Ongoing modernisation of electricity transmission cables, albeit at a sluggish pace, will put the country in a strong position to attract global industrial giants, the national electricity transmission system says.
This will be in line with the manufacturing pillar under the Big Four Agenda – which also includes food security, affordable housing and universal healthcare – in President Uhuru Kenyatta’s legacy term which has about four years to run.
“For you to encourage big manufacturing firms such as steel mills to set up, they need to be assured of reliable and stable power.
"That assurance can only be achieved by having a national grid that is stable,” Ketraco chief executive Fernandes Barasa told the Smart Company.
“Ketraco comes in as an enabler to provide a reliable and stable national grid, which basically is achieved by constructing high-voltage transmission lines. Large steel manufacturers will now afford to come and set up their factories in Kenya especially in areas where the line is 400 kilovolt (kV).”
4,000km power lines
About 4,000 kilometres of modern power lines will have been switched on by 2022, he said, adding this will improve reliability of electricity supply – a key attraction for energy intensive industries such as those in steel, machinery and chemical manufacturers.
“Once done, they will be a game changer. Issues about reliability will be a thing of the past and we will be discussing about demand because infrastructure will be there,” the Ketraco chief said.
“I normally refer to energy projects as reverse-economics where you provide infrastructure and then demand is dictated by supply. You supply infrastructure and then demand will definitely be created because investors want to see infrastructure being created and that’s when they can be encouraged to set up factories.”
Kenya has an installed capacity of 2,336 megawatts (MW) against a peak demand of 1,770MW (as of last January), statistics from Electricity Regulatory Commission (ERC) showed earlier in the year, leaving a reserve capacity 566MW.
The reserve is tapped during emergency situations such as when several electricity plants are taken off the national grid for maintenance or breakdowns.
Implementation of the high-voltage projects of 132kV, 220kV and 400kV capacity has, however, been marred by lengthy delays which have seen taxpayers slapped with hefty penalties for idle capacity in cases where private developers are involved.
The challenges range from high compensation fees for way leaves, which sometimes end up in court, to delayed cash disbursements by the Treasury due to competing priority funding areas, Mr Barasa said.

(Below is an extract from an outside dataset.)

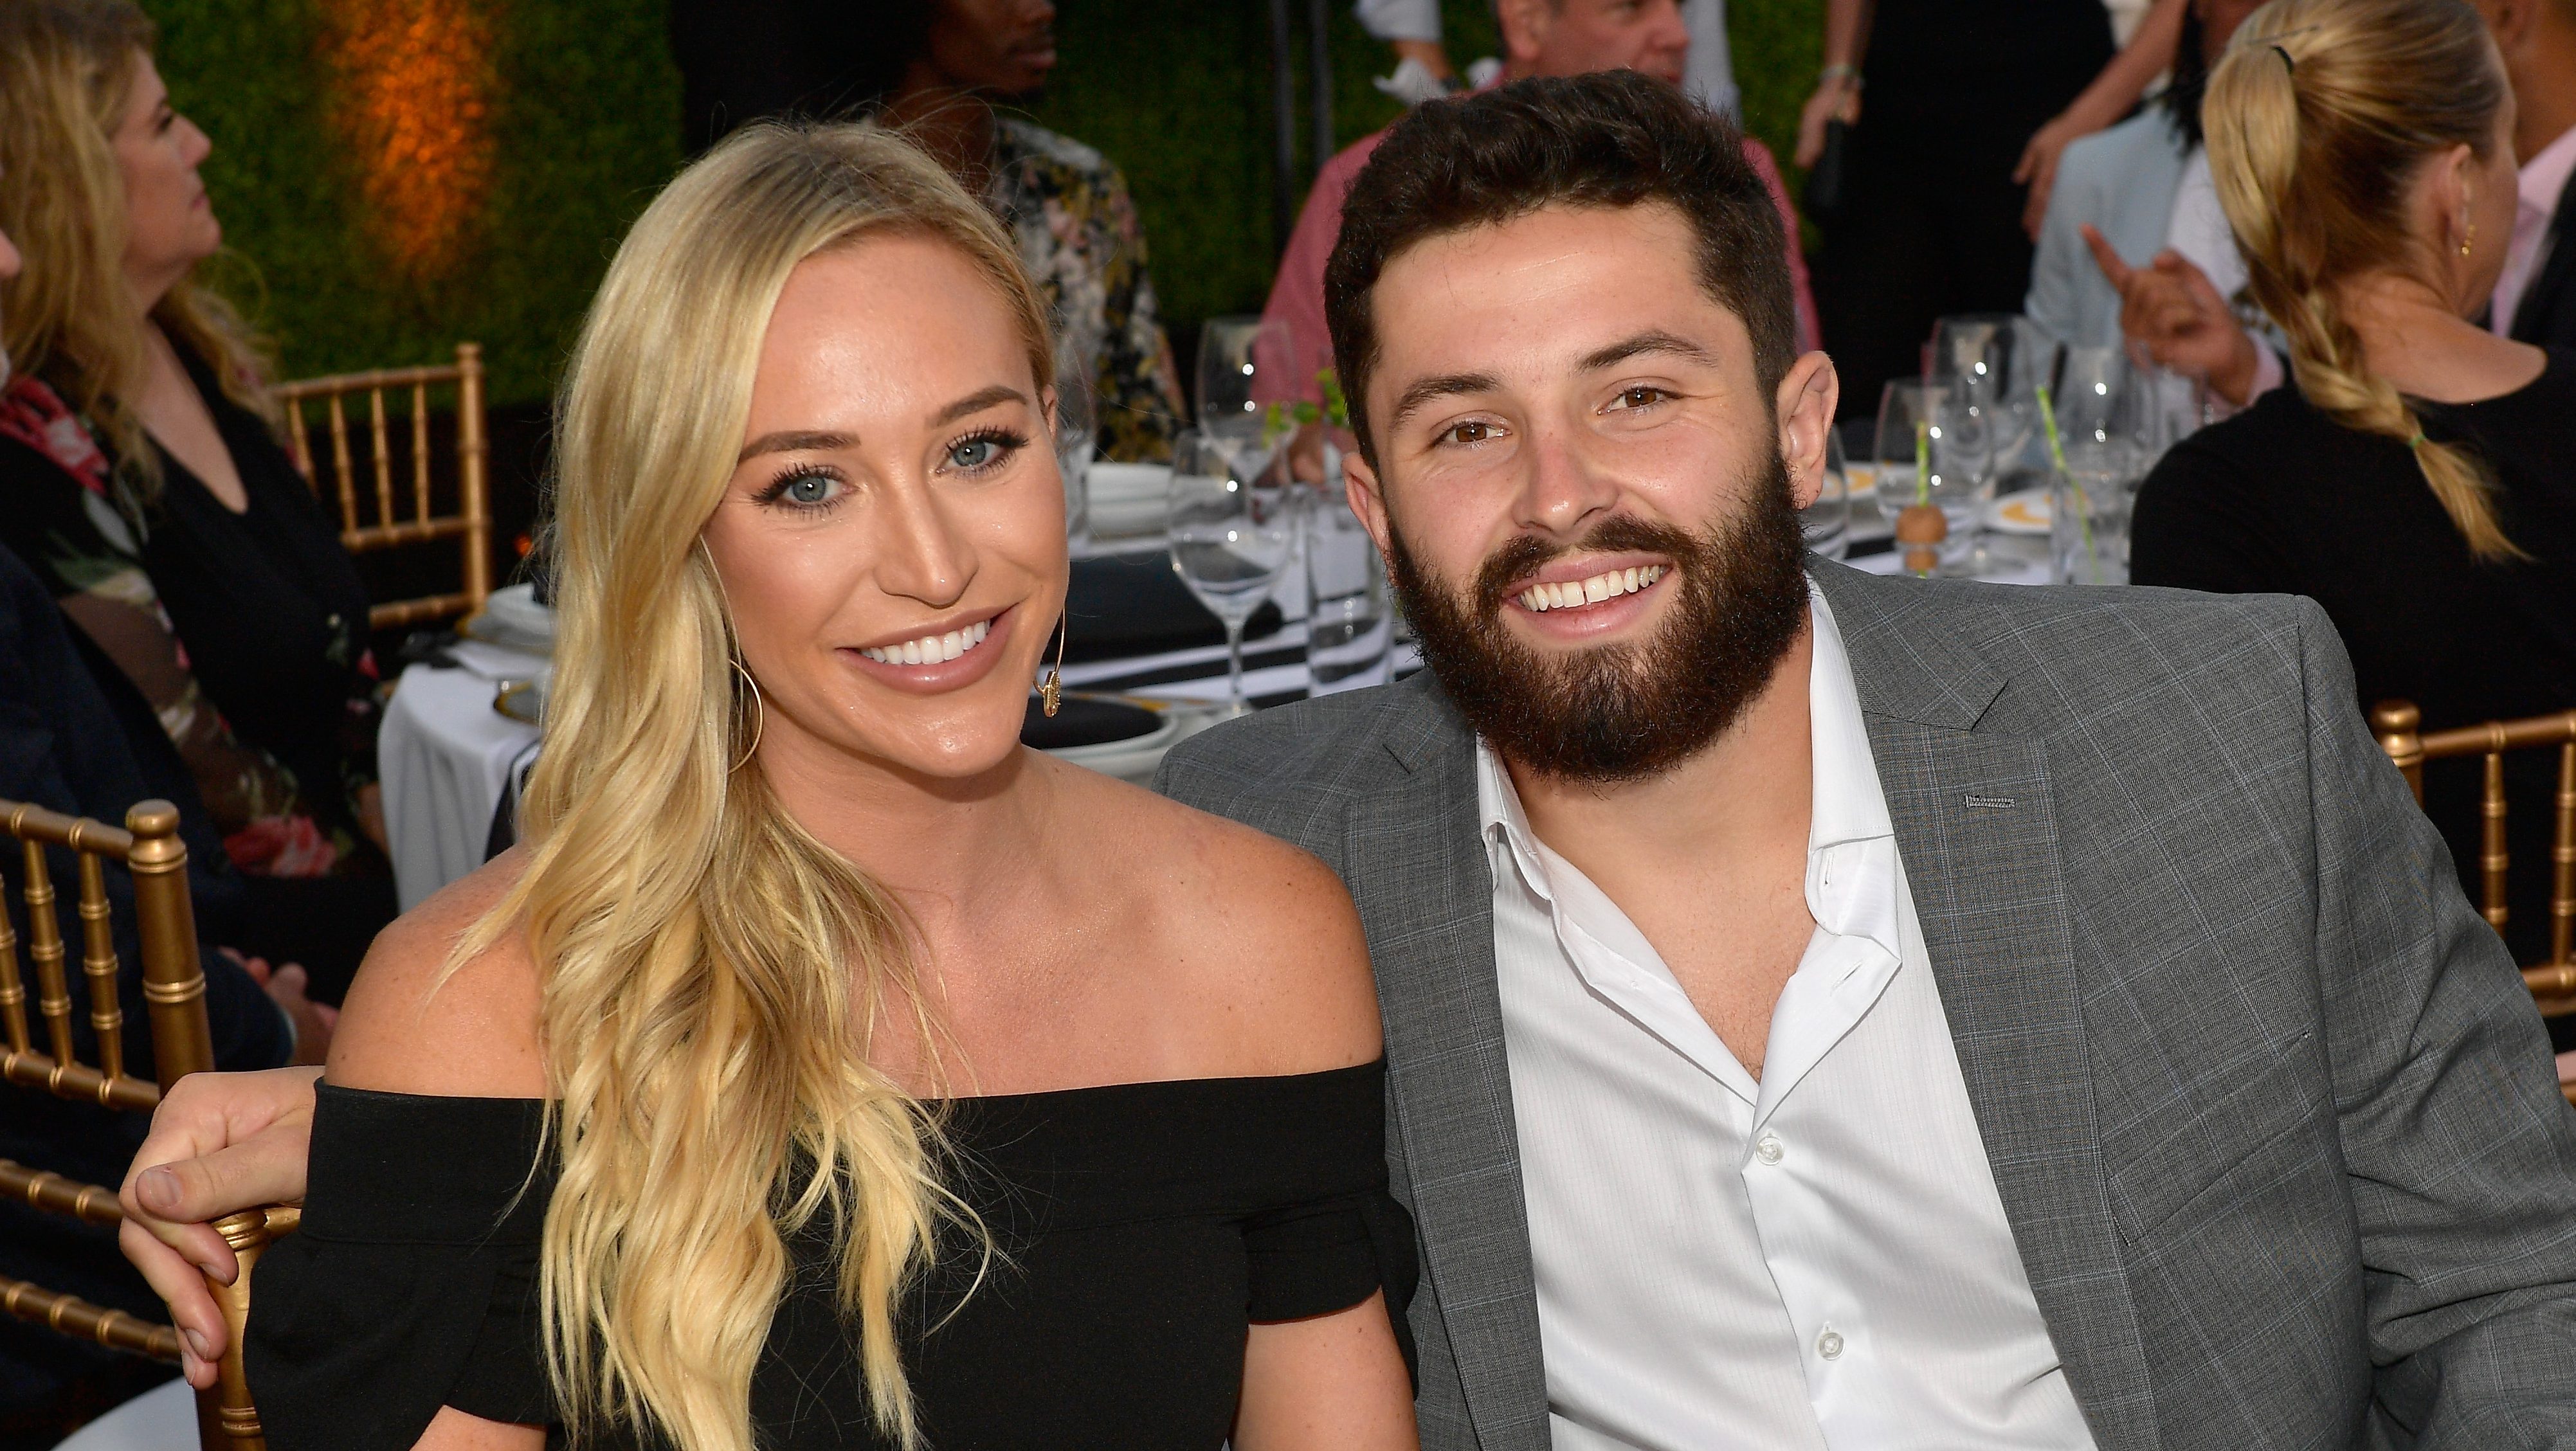 Browns QB Baker Mayfield Caught in Viral Wedding Video | Heavy.com

“One of the biggest challenge is wayleave acquisition where landowners are demanding exorbitant compensations as much as 10 times more than the market value,” he said.

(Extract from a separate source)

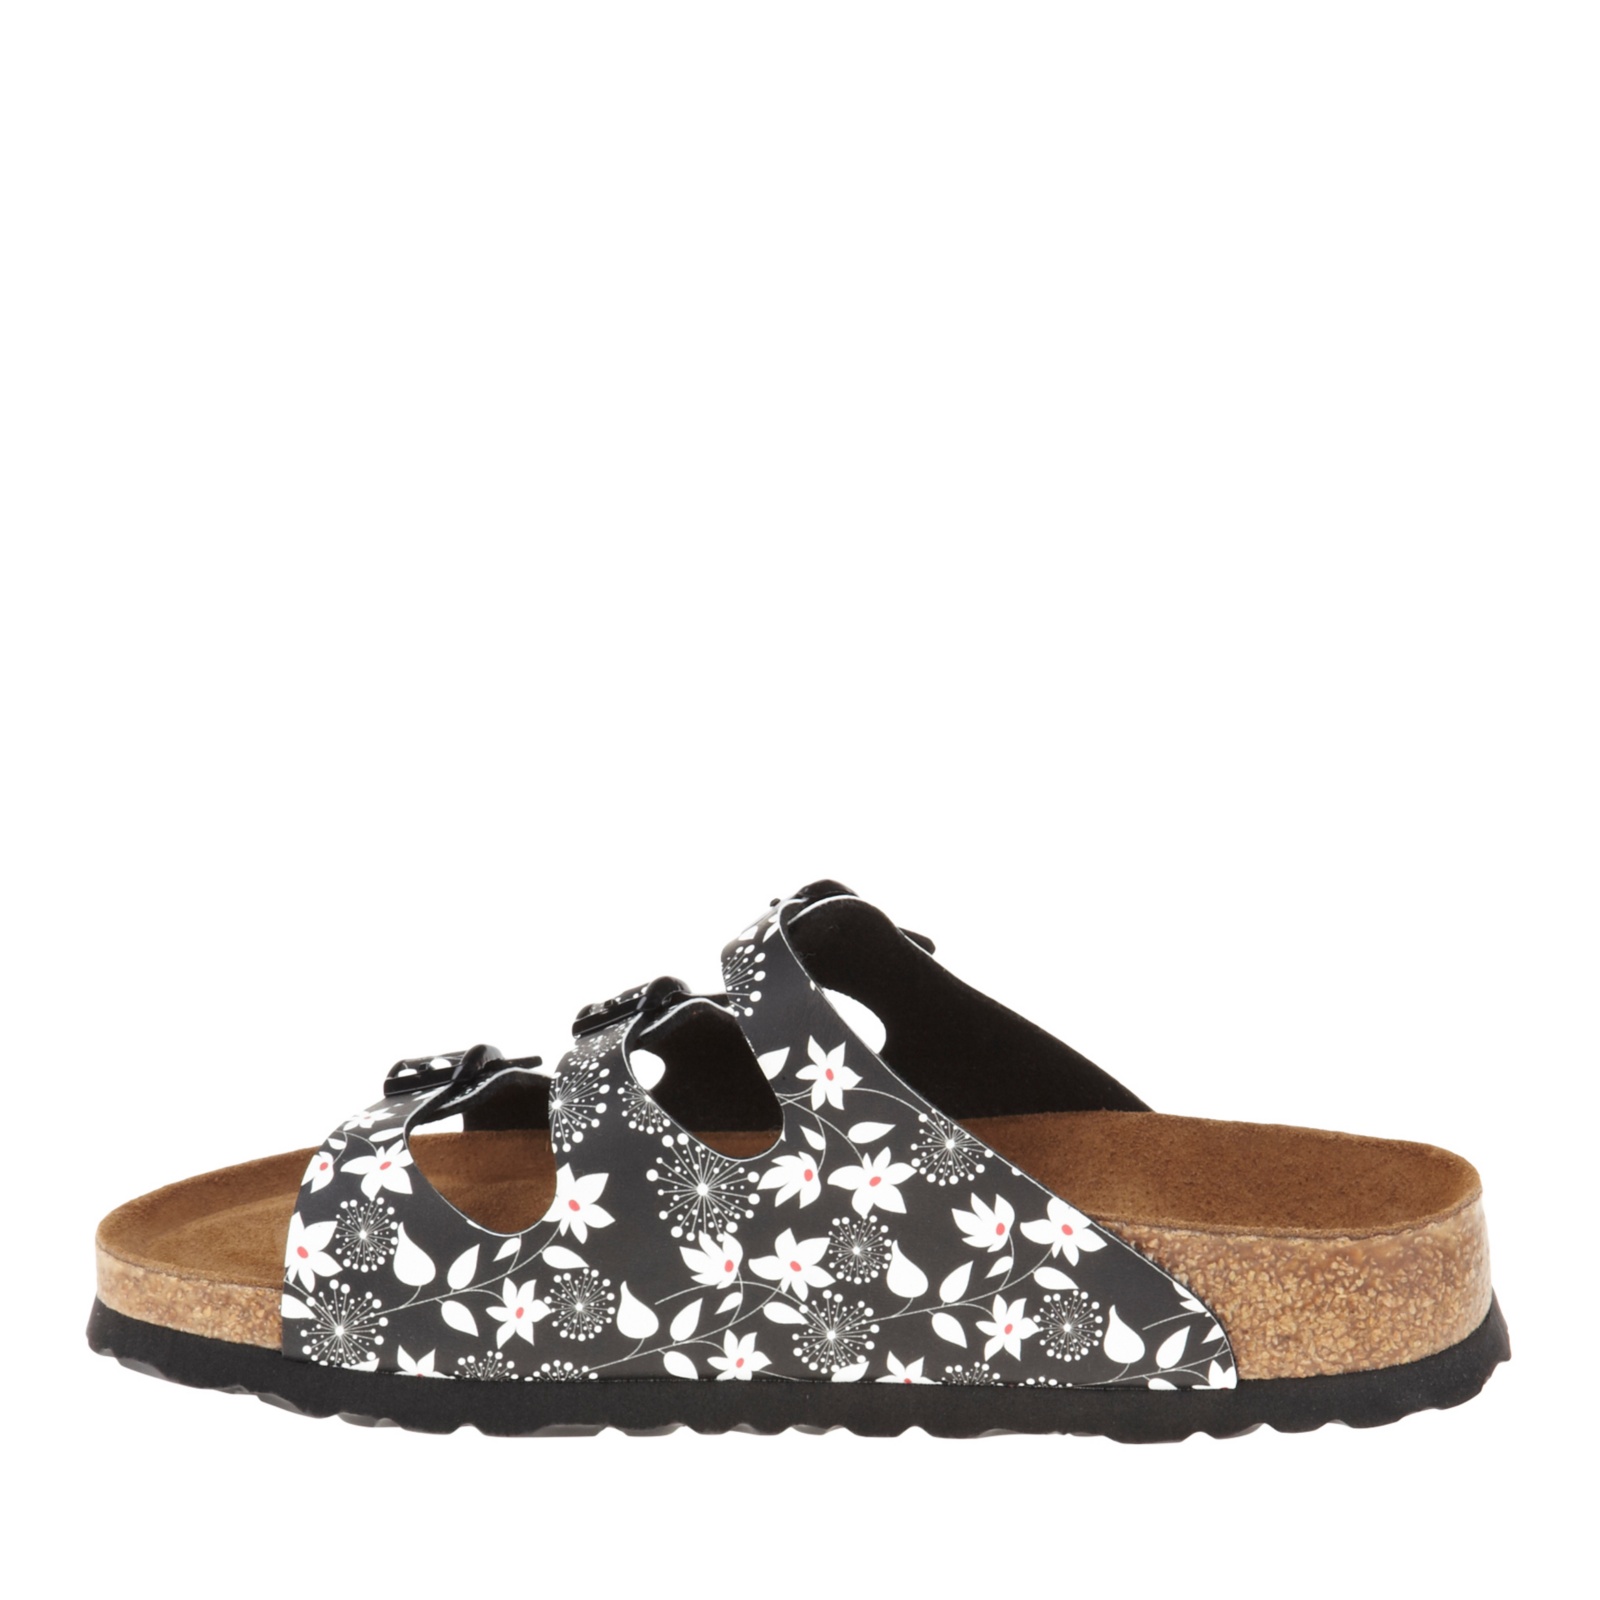 Details about Papillio by Birkenstock Florida Soft Footbed Floral ...

The agency, he said, has come up with a plan where it seeks to sign agreements with claimants to stagger compensation, a strategy he says is working for the 60-kilometre, 132kV Eldoret-kitale line.
Costly delays have, however, been experienced on the 428-kilometre, 400kV Loyiangalani-Suswa line meant to evacuate power from the 300MW Lake Turkana wind farm in Marsabit at a cost of Sh5.7 billion.
Any further delays on the project – whose initial contractor Grupo Isolux Corsan of Spain was declared insolvent in August 2017 – beyond August will see taxpayers pay additional Sh1 billion monthly for idle capacity, cash which will be recovered from electricity bills to households and businesses.
The only high-voltage project completed is the 400kV Suswa-Isinya-Rabai transmission line, commonly referred to as the Nairobi-Mombasa line, which was commissioned by President Kenyatta last August, enabling evacuation of cheaper geothermal power from Naivasha to Mombasa.
The 480-kilometre project, initially designed as 200Kv line before being revised, faced delays since construction started in August 2011 at an initial budget of $140 million (Sh14.22 billion under current exchange rates).
However, the energy regulator says the Lake Turkana Wind Power project is expected to be connected to the national grid by September this year following hand over to a Chinese contractor to set up the remaining section of high voltage wires for evacuation of the green energy.
According to the Energy Regulatory Commission Director General Pavel Oimeke, delays of the project are attributed to challenges that faced Spanish companies forcing the government to resort to another contractor who has committed to complete the project within the next three months.